# Ito Moments

Use Ito’s formula to show that if $$\sigma(t,\omega)$$ is a bounded nonanticipating functional, $$|\sigma|\leq M$$, then for the stochastic integral $$I(t,\omega)=\int_0^t \sigma(s,\omega) dB(s,\omega)$$ we have the moment estimates
$\mathbf E\{ |I(t)|^{2p}\}\leq 1\cdot 3\cdot 5 \cdots (2p-1) (M^2 t)^p$
for $$p=1,2,3,…$$. Follow the steps below to achieve this result.

1. First assume that
$\mathbf E \int_0^t |I_s|^{k} \sigma_s dB_s =0$
for all positive , integer $$k$$. Under this assumption, prove the result. Why don’t we know a priori that this expectation is zero ?

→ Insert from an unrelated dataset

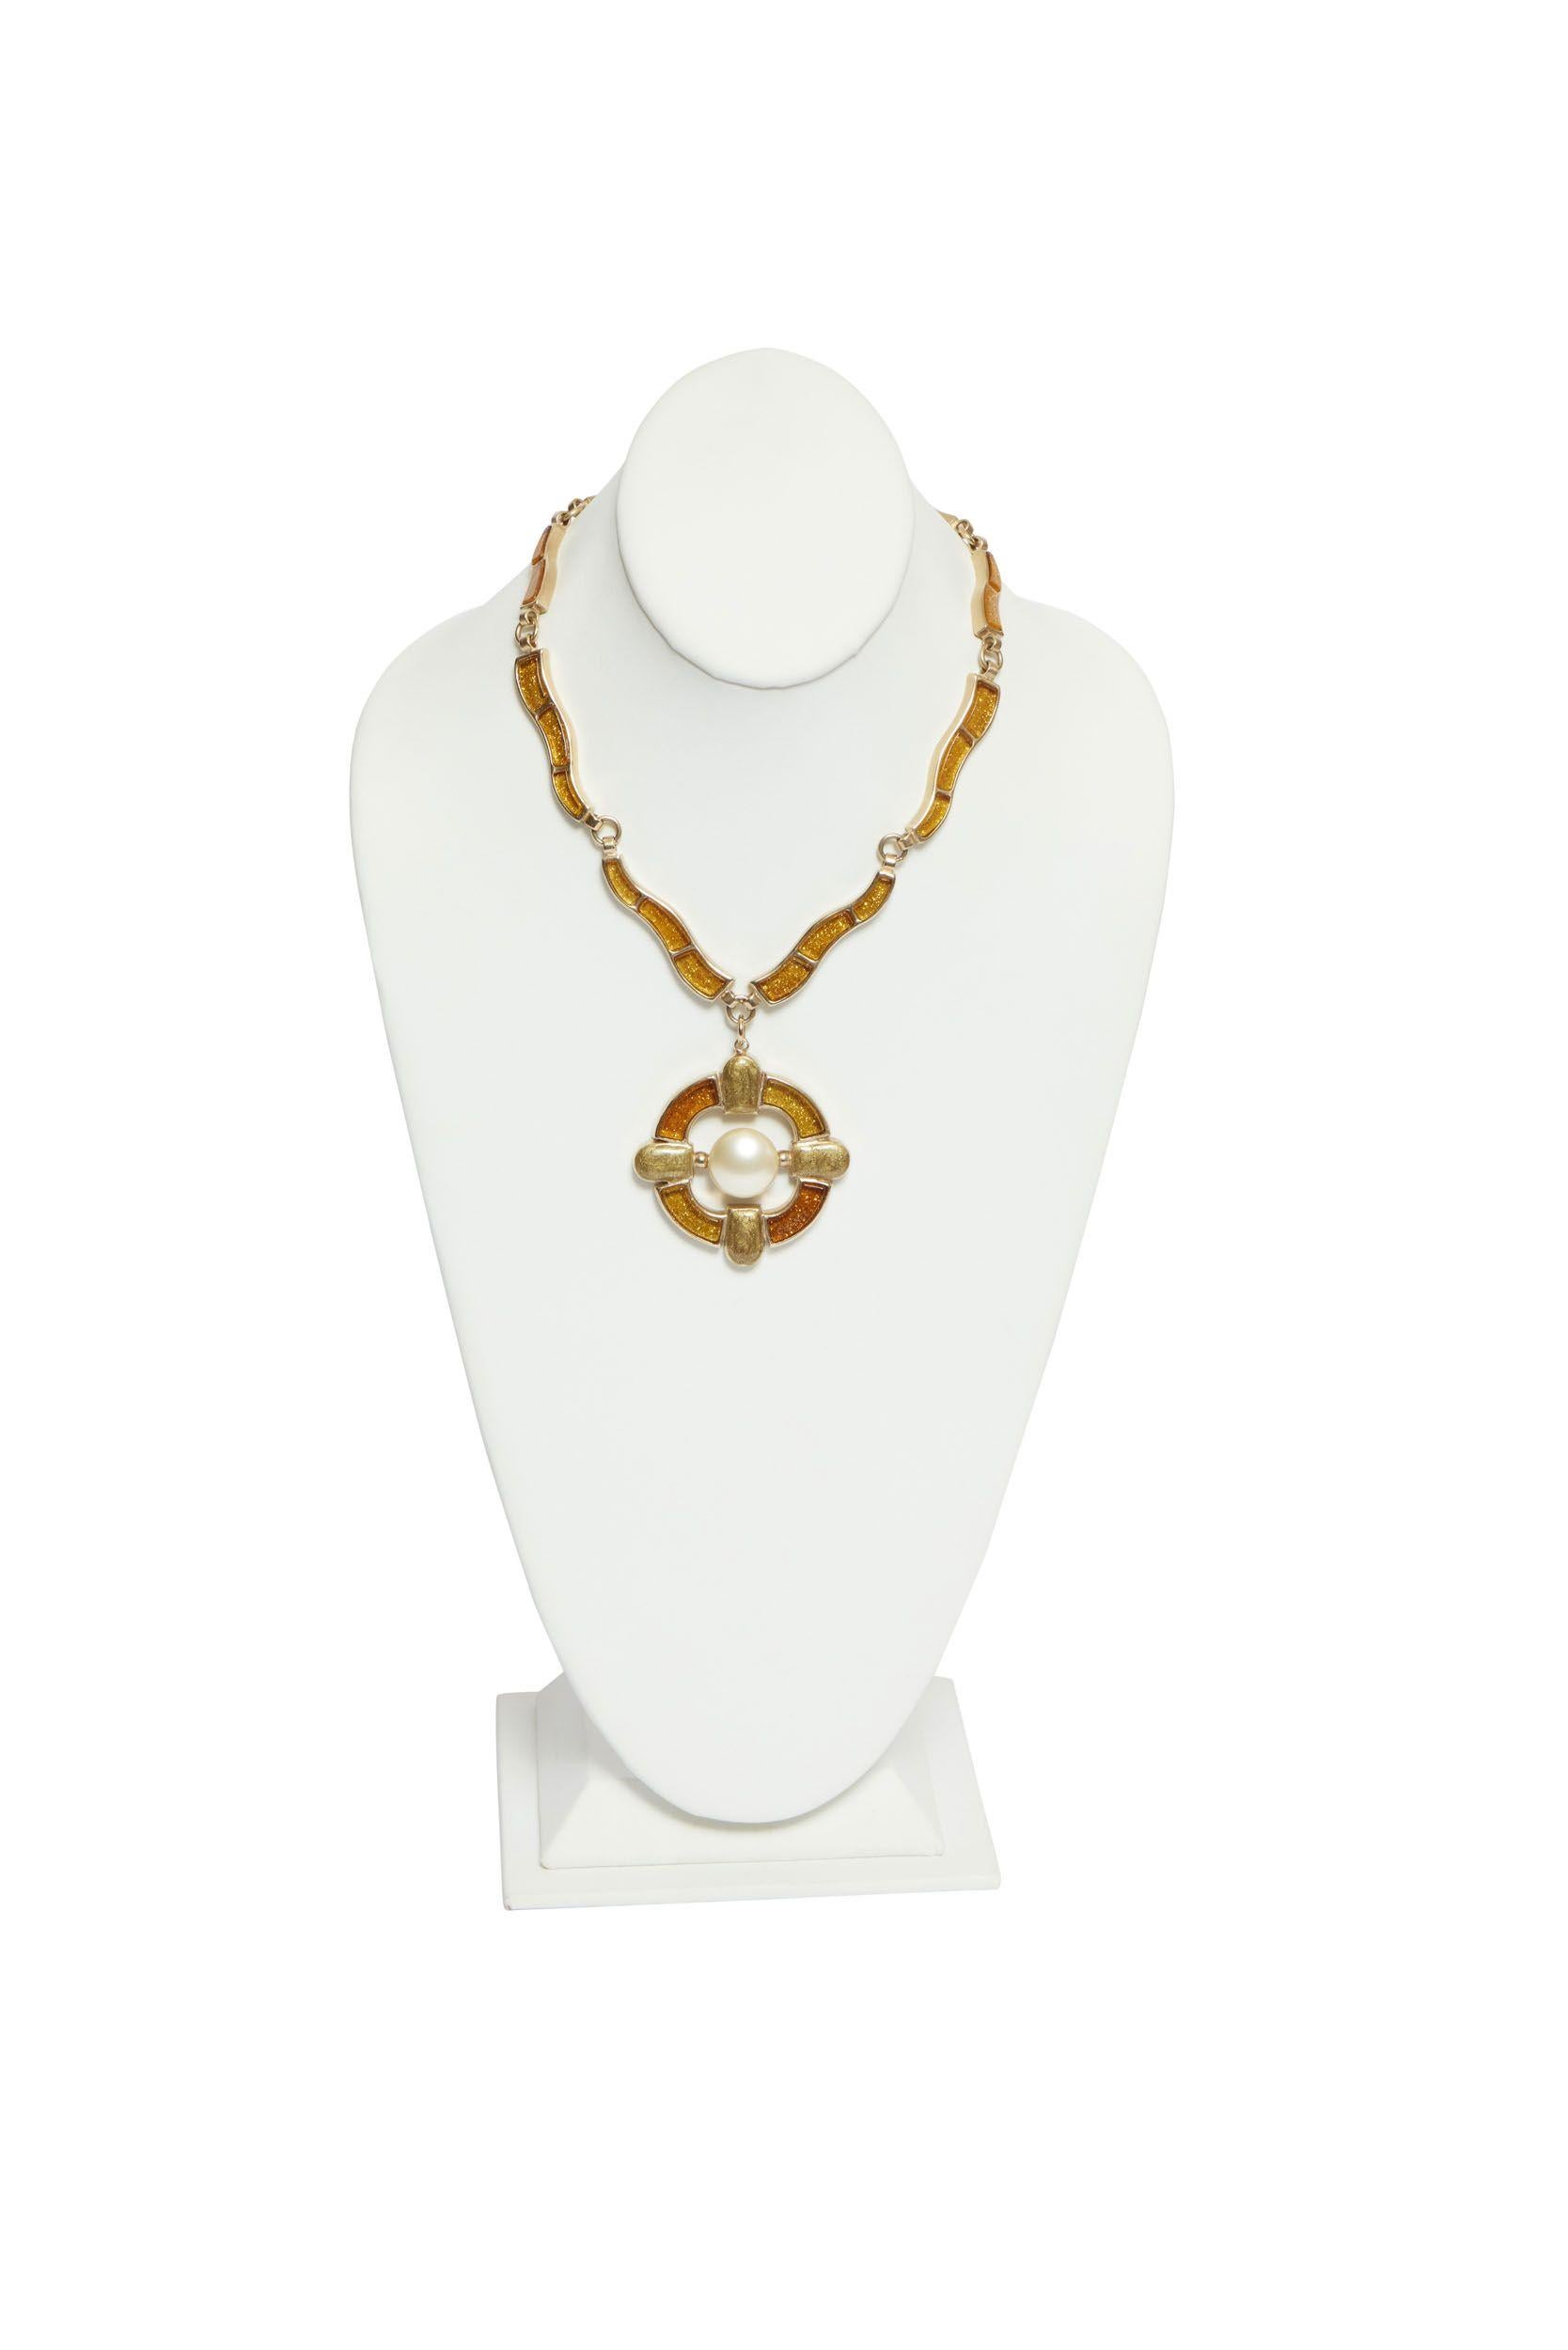 Chanel gripoix maltese cross pendant necklace. Collection autumn 2007. Pendant D. 2.5
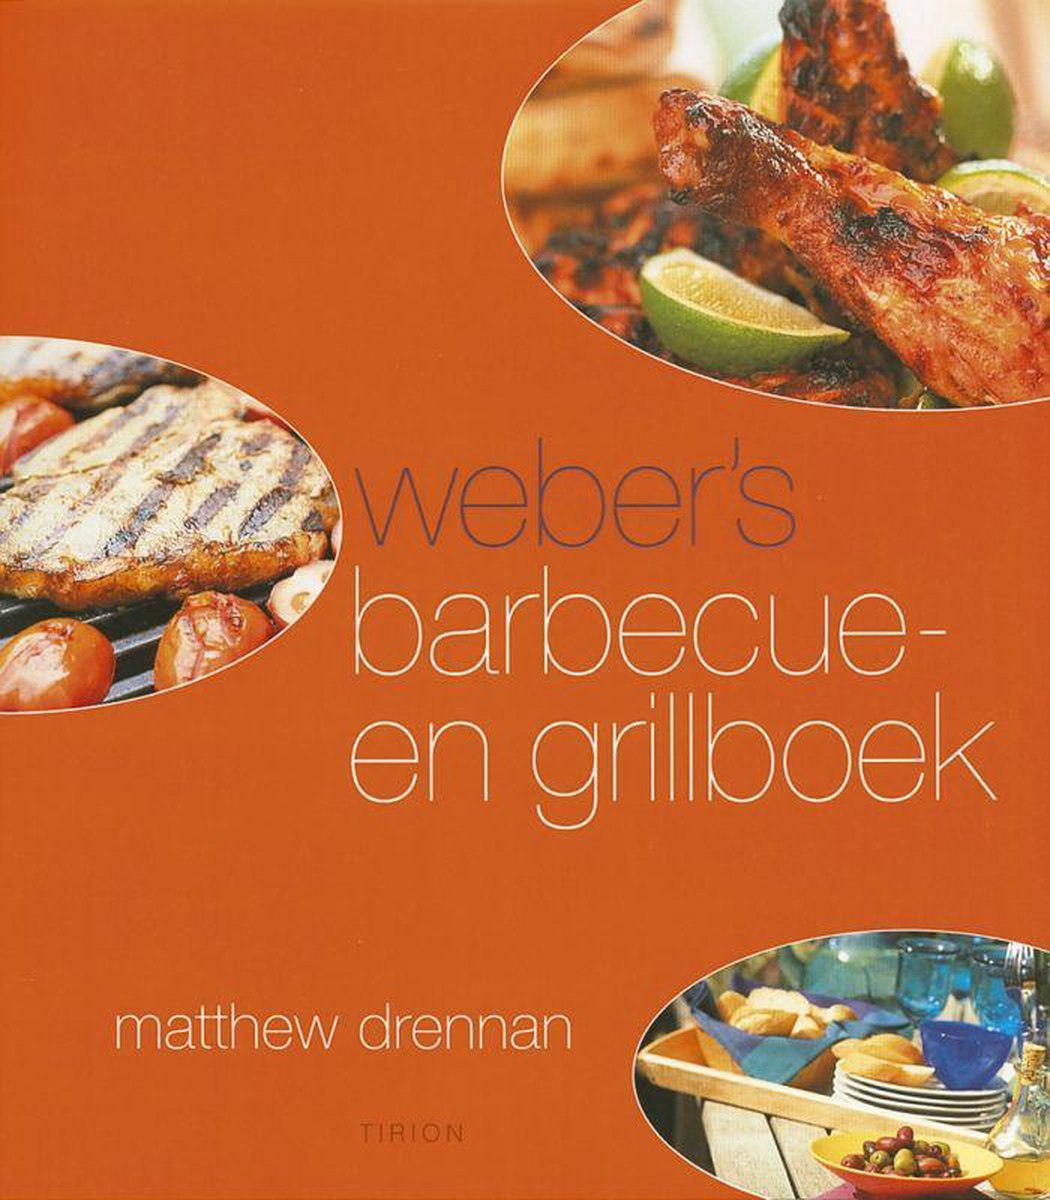 Webers Barbecue En Grillboek, Matthew Drennan | 9789043902038 | Boeken |  bol.com

2. Now define  for positive $$L$$, define $$\chi^{p}_L(x)$$ as $$x^p$$ for $$|x| < L$$ and 0 if $$|x| > L+1$$ and connected monotonically in between such that the whole function is  smooth. Now define
$\psi^{(p)}_L(x) = p\int_0^x \chi^{(p-1)}_L(y) dy\qquad\text{and}\qquad\phi^{(p)}_L(x)= p\int_0^x \psi^{(p-1)}_L(y) dy$
Observe that  all three of the functions are globally bounded for a given $$L$$. Apply Ito’s formula to $$\phi^{(p)}_L(I_t)$$ and the fact that Fatou’s lemma implies that
$\mathbf E |I_t|^{2p} \leq \lim_{L \rightarrow \infty} \mathbf E \phi^{(2p)}_L(I_t)$
to prove the estimate started at the start by following a similar induction step as used above.